What role does wellbeing play in your work/organisation/ products?
I think wellbeing is sewn into every garment of The Fabric Social – not just wellbeing for the women producers and their families, but also the wellbeing of the environment and wellbeing of the consumers who buy products that are ethical and make a positive impact. This is reflected in the clothing because every garment of The Fabric Social has the name of the individual weaver of that fabric on the tag – it’s a constant reminder that The Fabric Social is a collective of women working to advance the ultimate wellbeing of women globally.
What’s the biggest challenge you’ve faced as an entrepreneur and how did you overcome it to reach success?

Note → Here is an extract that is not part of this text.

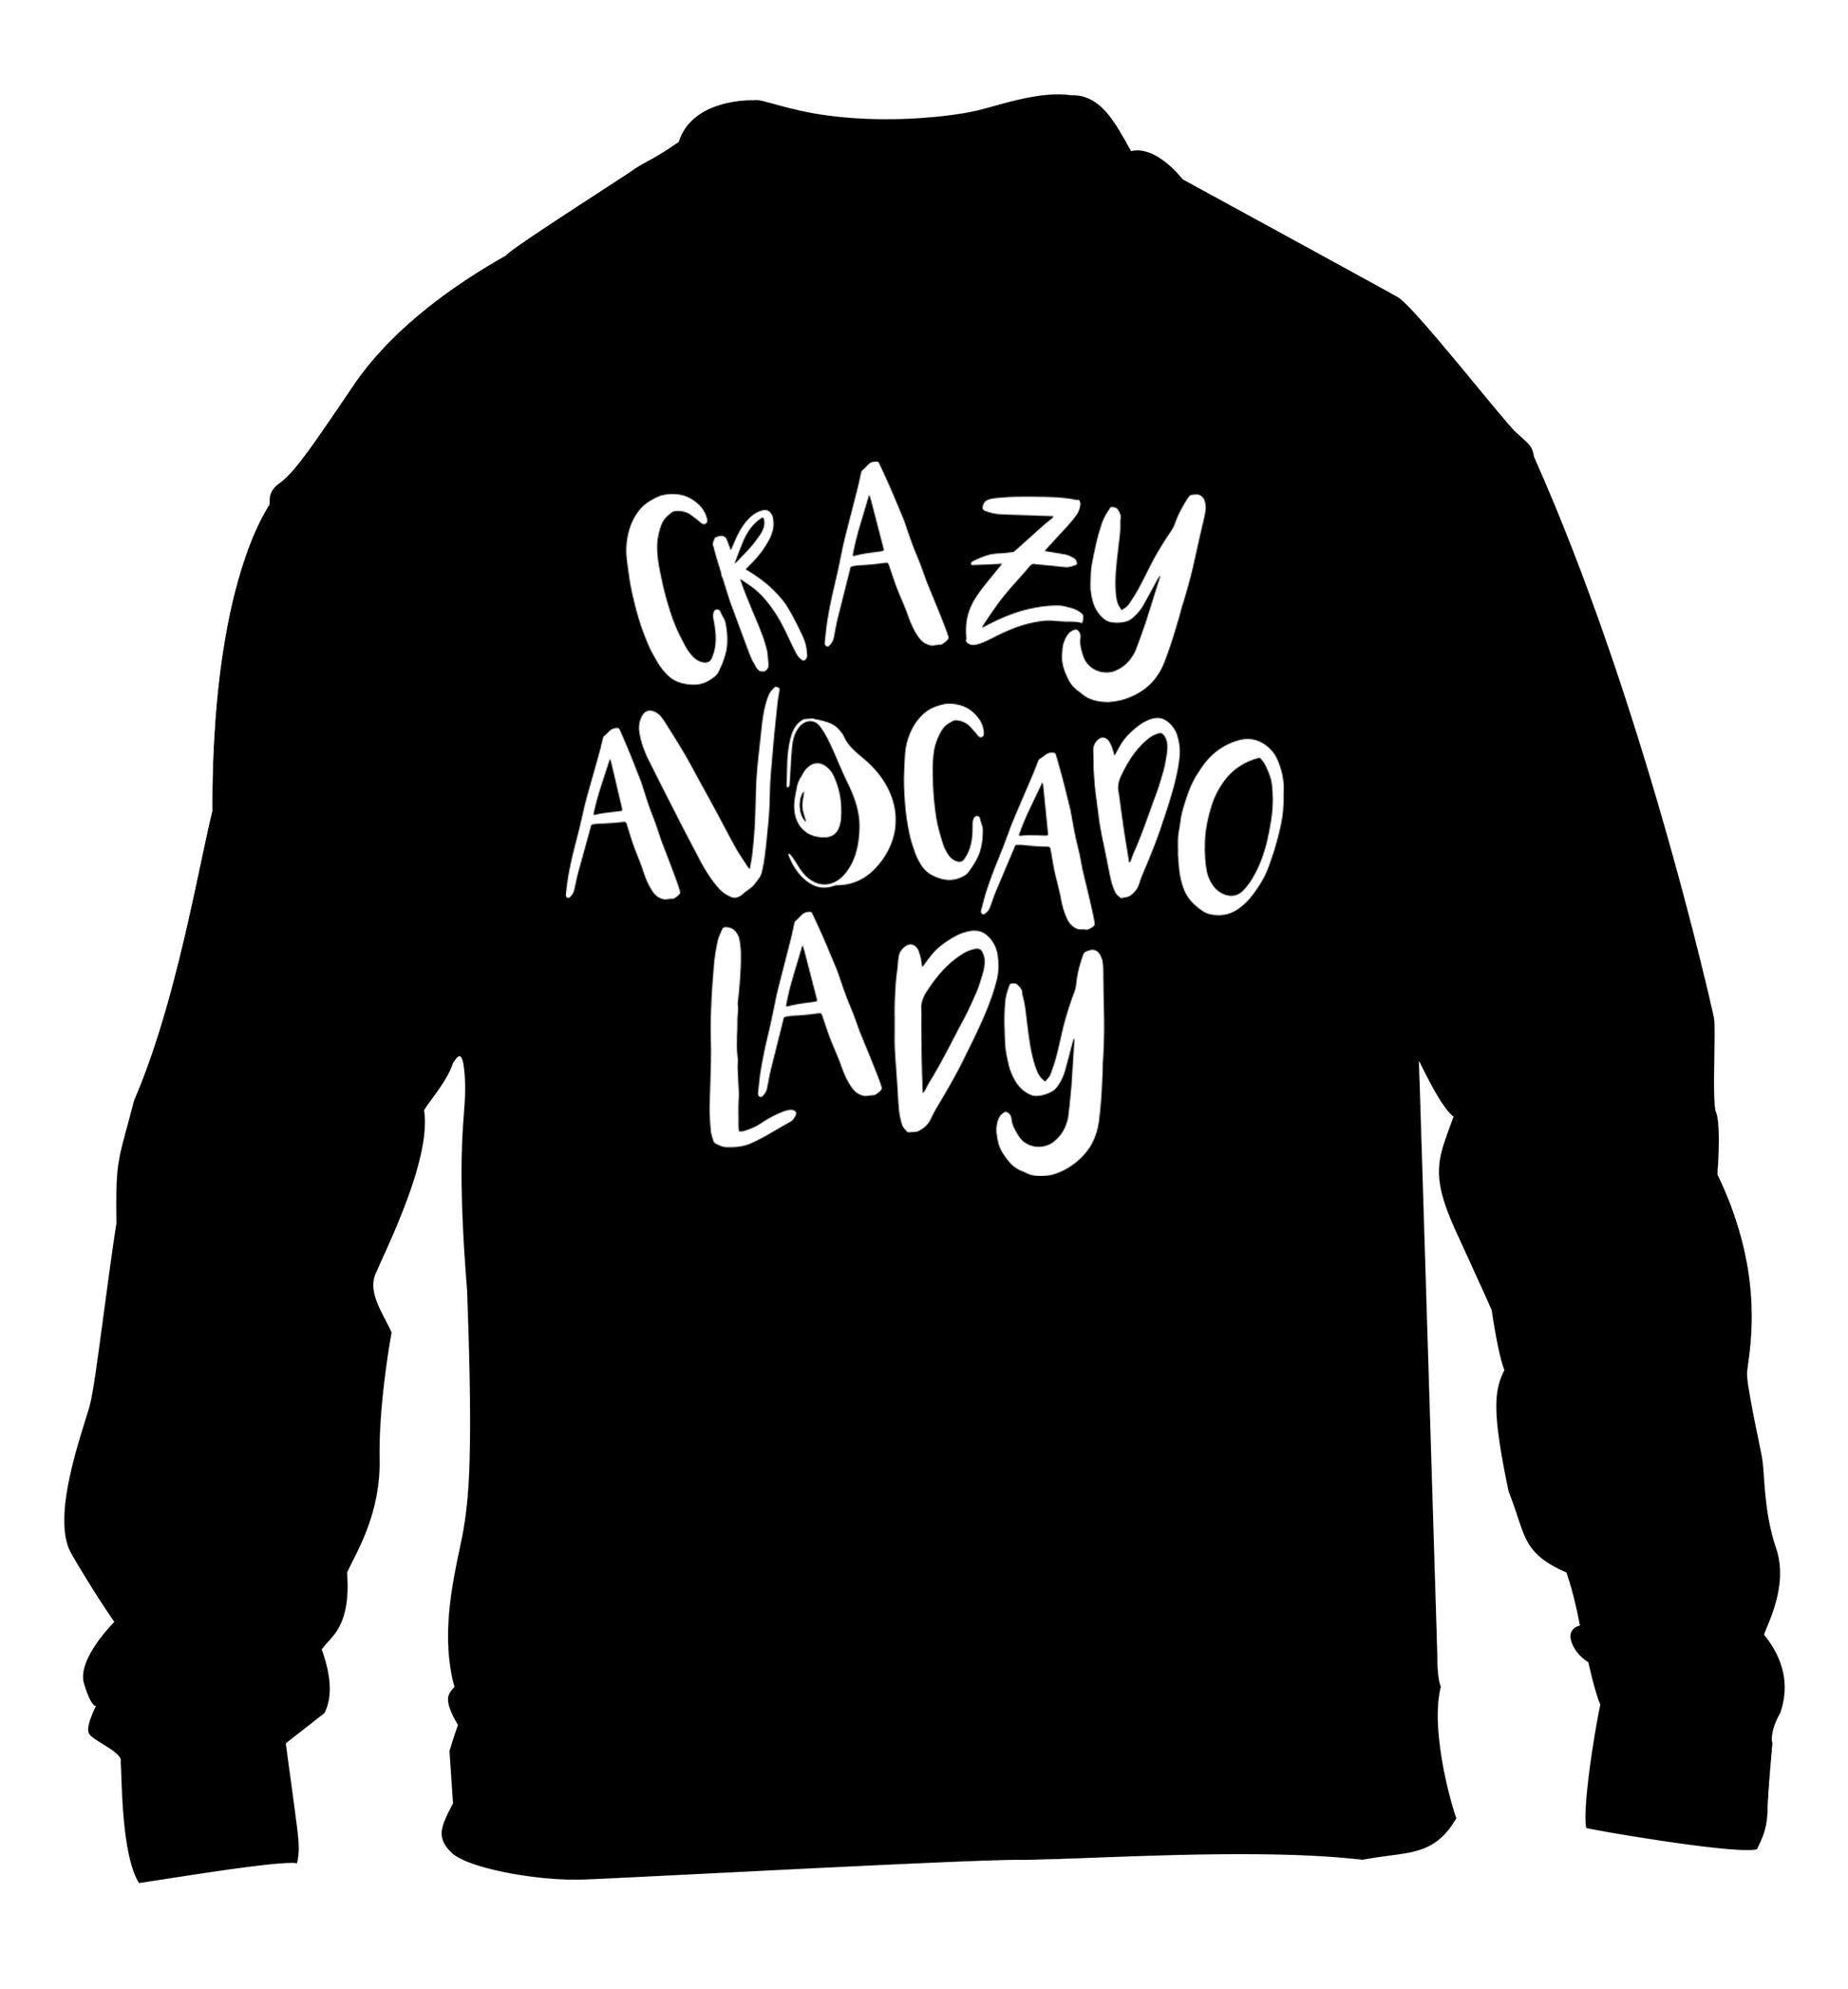 Crazy avocado lady children's black sweater 12-14 Years

Challenges come thick and fast for us constantly and because we are a small enterprise, ultimately every challenge has the potential to break us. So I would answer this question by saying that the solution is always to work together. There's been no problem so big that myself, my co-founders, and our team of volunteer consultants haven’t been able to solve by working together and sharing the load. We’ve been broke, flush with cash, broke again, stuck at customs, delayed, and rained out during the monsoon season many a time – I guess the way we deal with it is just to persevere.
We’ve had lots of highlights including global finalist in the UN Women Singapore & Mastercard Project Inspire and winning a Macquarie Bank Kickstarter Competition. Enjoying the high points of being recognized from the outside is definitely crucial to maintaining stamina over the darker times. Celebrate every win, big or small.
What advice do you have for others who have a big dream to follow their passions and make a difference?
1. Take a chance. Entrepreneurship is very risky, and social enterprise is new and risky, so if you spent your time calculating the chances of success then no one would ever do it, ever.
2. Don’t wait for a bunch of money to land in your lap, because capital doesn’t provide you with automatic security or longevity for your project. Start poor and it will make you more creative in your problem solving. Raise your own money, crowdfund, win competitions etc., and then prove your concept before expecting others to get behind it. I say this because the co-founders have been working on The Fabric Social for two years and we haven’t drawn a wage (yet), but so far we’ve been sustaining ourselves and pumping every cent back into the project, social impact, and product development. Our shit ideas have failed regardless of whether they were well funded or not, and our best ideas have flourished out of the same predicament.
What does the future hold for The Fabric Social?
Ultimately we want to replicate and scale our project to create a conscious design label that works with women affected by conflict across the globe. I believe that one big project simply can’t have the same social impact that 1000 smaller ones can – so we see The Fabric Social in the future as a collective of women producers around the world making beautiful products for people who want a kinder world.